Filmmaker Ava DuVernay Enlists Diverse Cast for Disney’s ‘A Wrinkle in Time’

Chris Pine and Ava DuVernay on the set of Disney’s A WRINKLE IN TIME. ©Disney Enterprises. CR: Atsushi Nishijima.

By ANGELA DAWSON

Front Row Features

HOLLYWOOD—No one’s as big a fan of filmmaker Ava DuVernay (“Selma,” “13th”) than those who’ve worked with her. Just ask Oprah Winfrey, who not only has produced some of the filmmaker’s projects as she did on “Selma” and the TV series “Queen Sugar,” she also sometimes appears in them, as she does in the soon to be released “A Wrinkle in Time.”

“It fills my heart every time I think about Ava, with her dreads and her sneakers and these big cranes and all of these men running around taking direction from her,” says Winfrey, who plays a giant magic character named Mrs. Which in the children’s fantasy film. “To see her be the master of that, to orchestrate all of that was powerful and inspiring.”

Adds Reese Witherspoon, who plays another magical being called Mrs. Whatsit in the film, “It’s very flattering to be chosen to be part of Ava’s movies because she doesn’t just make a movie, she makes an experience for everyone. She cares about what happens in front of the camera and she cares about what happens behind the camera, and everybody feels like they are important.”

For Zach Galifianakis (“The Hangover” films, “Baskets”), who plays a character called the Happy Medium in the film, getting a chance to work on a children’s movie made by an acclaimed director whom he already admired from her previous work, was reward enough.

“When you’re a stand-up comic, you kind of have sometimes, not a chip on your shoulder, but you don’t feel like—that’s where I come from, and so to be involved in such a big, big, big movie like this.
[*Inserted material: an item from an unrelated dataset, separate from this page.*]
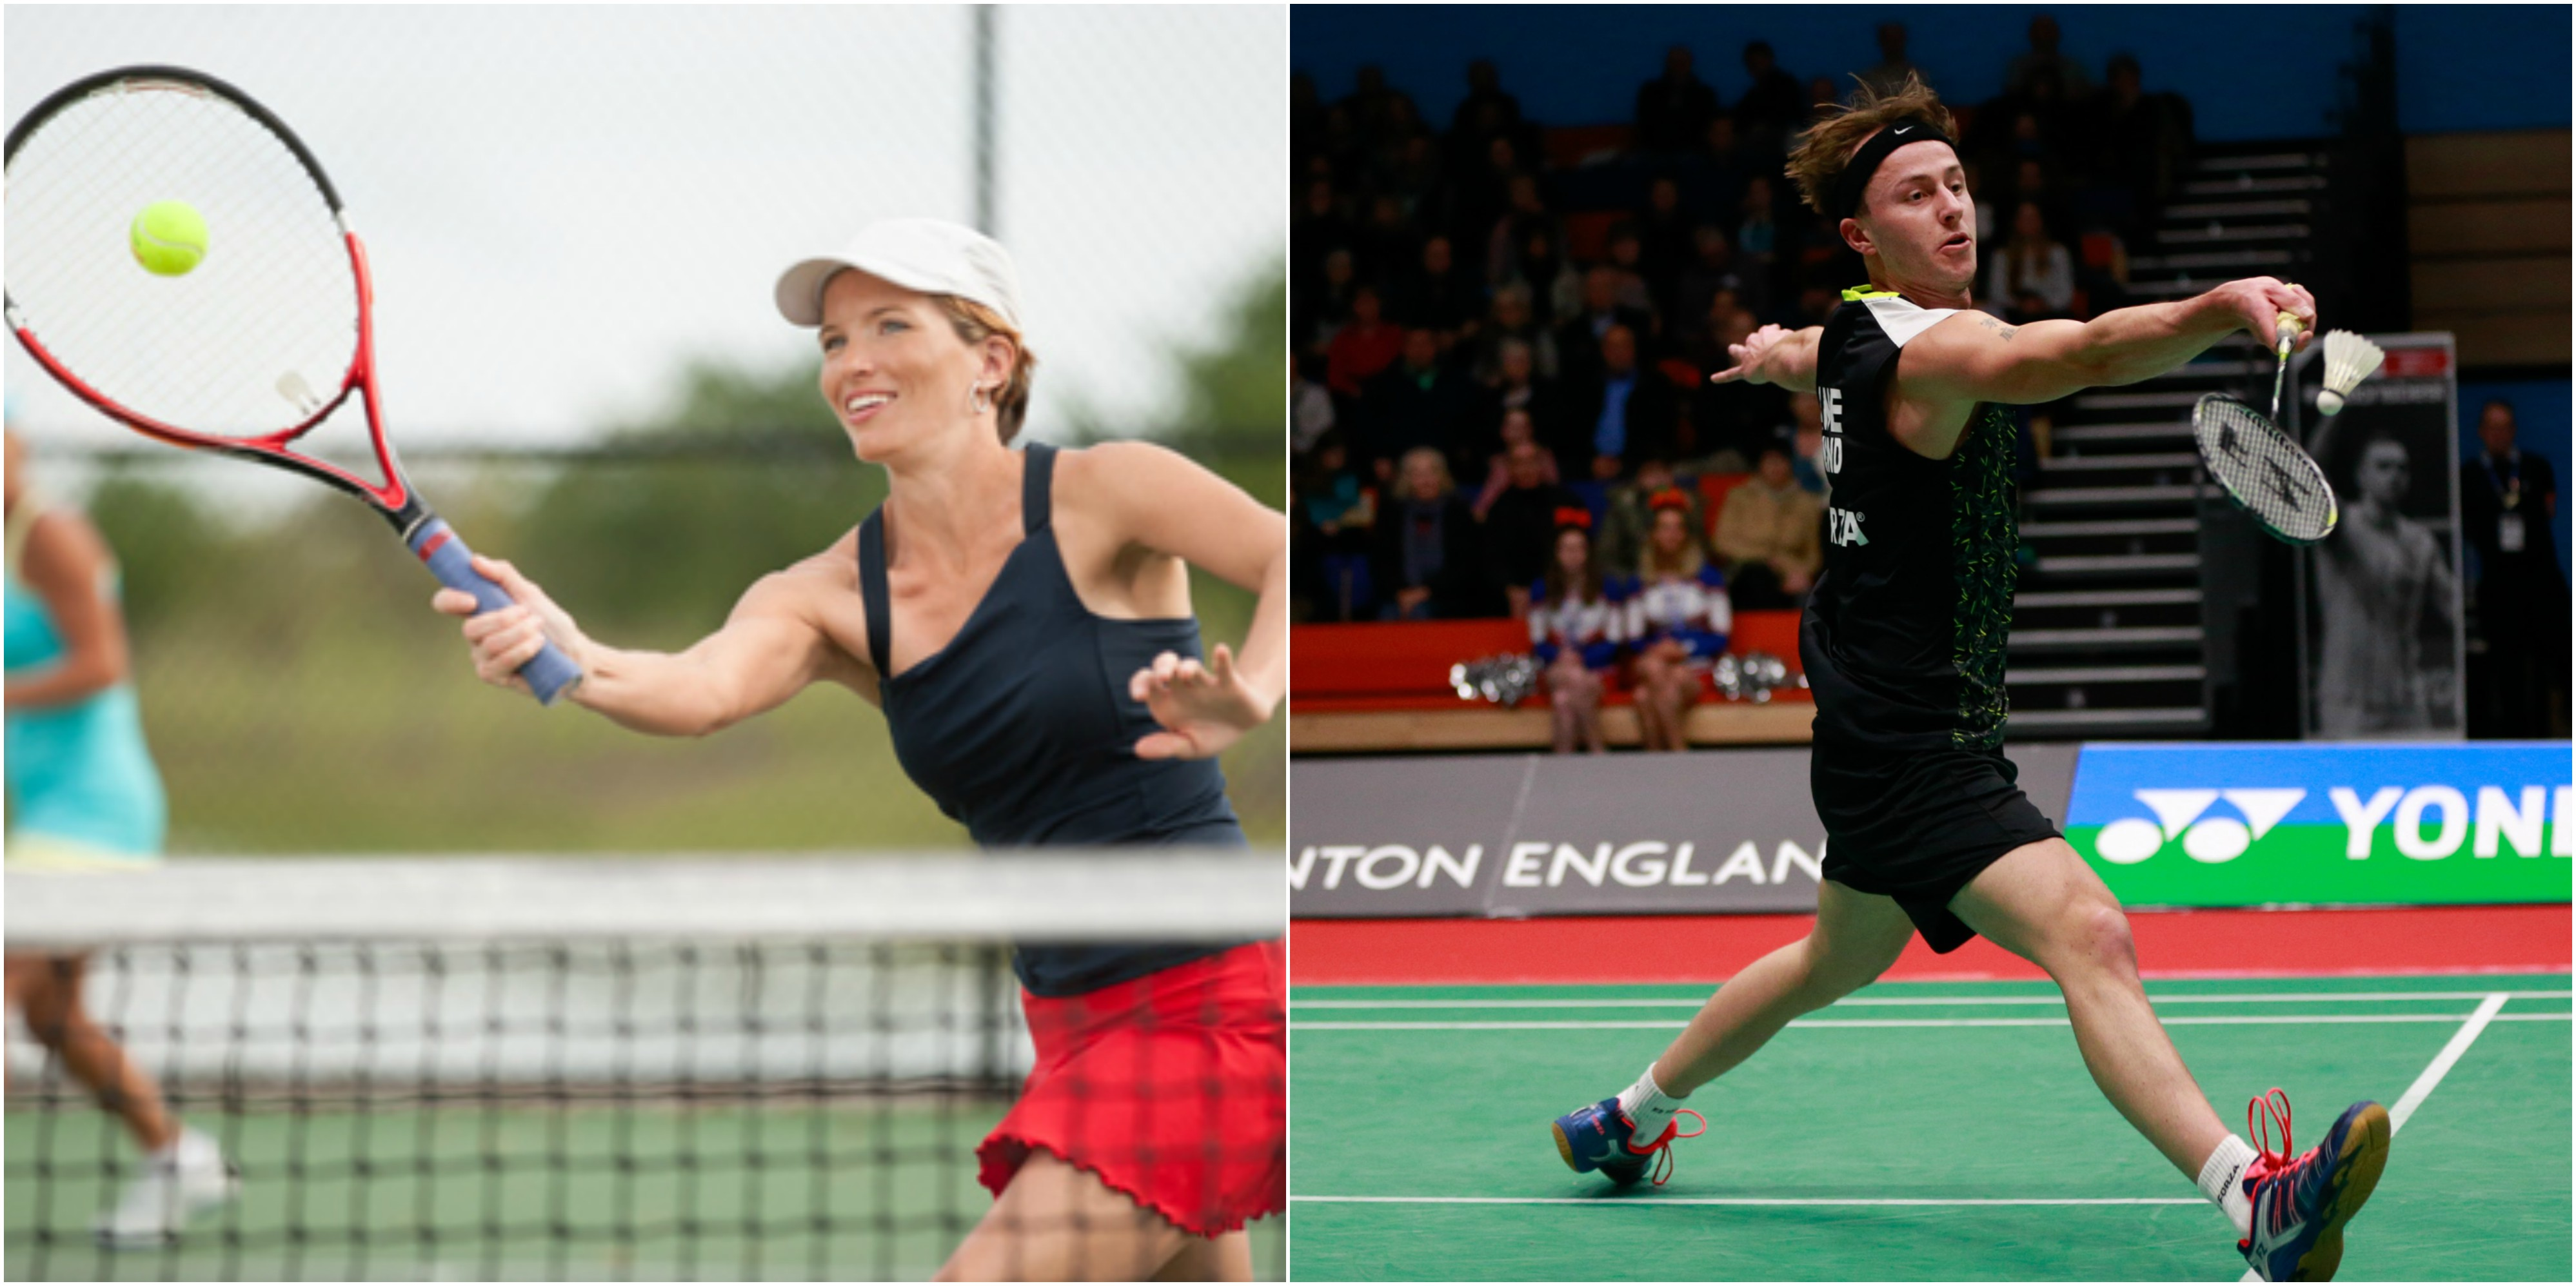 Tennis Vs Badminton: The Battle Of Racket Sports - Playo

I feel real proud.”

During a press conference, DuVernay, who was born and raised in Long Beach, Calif., spoke about making the live-action Disney film, which is based on the classic children’s book by Madeleine L’Engle. The fantasy adventure centers on a young girl who is bullied at school because her scientist father disappeared four years previous. She and her younger adoptive brother go on an adventure with three mysterious women, who say they can take her to the other side of the universe to find him. In addition to Winfrey, Witherspoon and Galifianakis, the film stars “Star Trek’s” Chris Pine, Gugu Mbatha-Raw, Mindy Kaling, Michael Pena, Storm Reid, Andre Holland, Levi Miller and Deric McCabe.

Q: For whom did you make this film?

DuVernay: This is a film for young people and people who are young at heart—and for me. I have to ask myself, “Do I still have a heart,” first of all, and “Is there an inner child still in me? Did I tap into the 11, 12 or 13-year-old in me, and find that light that I used to have, that dreamer?” I got to do that for two years. I got to really get in touch with all that I thought I would be when I was young and really tap into that and try to create some magic with this great group of people.

Q: Do you feel like you accomplished what you set out to do?

DuVernay: I feel like I tried and gave everything I had to a film again. If that’s the “it,” then yes. There’s love in every frame of this movie and there’s love in every frame of everything that I do. I don’t have children. I won’t have children, by choice. These films are my children; they’re what I leave behind. They have my name on them (and) my blood in them. I feel I did that. From there, you offer it up to the world and you hope that (audiences) can see our intention.

This was an extraordinary experience for me. It’s emotional to sit here with (the cast) because we really held hands on this and became a family, trying to just give a little bit of sweetness to the world in these dark times. It’s a tough time right now. This film really saved me in a lot of ways from kind of going down dark holes and kept me in a really light-filled place so I’m grateful for the past few years working on “A Wrinkle in Time.”

Q: Is this the right film for young people conflicted over what’s happening in the country and the world?

DuVernay: Yeah, they’re living in a chaotic time. We’re living in a chaotic time as adults. Imagine if you’ve only been on the earth for 10, 11 or 12 years—the tension that you feel. To be able to just give a little breather and to say who you are is enough, and this is how you’re going to make it through by finding something in yourself that guides you. We all have that little voice inside of us, and a lot of times we don’t listen to it. A friend of mine had a tremendous episode of peer pressure of gigantic proportions that I’d never experienced or seen just a couple of weeks ago when the whole country—well, a lot of the country—was saying, “You should run for president.” She said, “Y’all, the voice inside of me says I am not your president. I can do good in the world in a different way, but a tremendous amount. Like, I probably would’ve even said, if everybody thinks I should, I’m going to give it a try.” That’s what we need more to tap into—your own voice. She’s the strongest I’ve ever met.

Q: The Happy Medium is female in the book but is played in your film by comedian Zach Galifianakis. Why the gender switch?

DuVernay: With a man bun. He demanded to wear a man bun. He was the first person who said this (movie is) something for boys too. Boys need to be able to see themselves be vulnerable and be able to follow a girl and just not always have to be macho.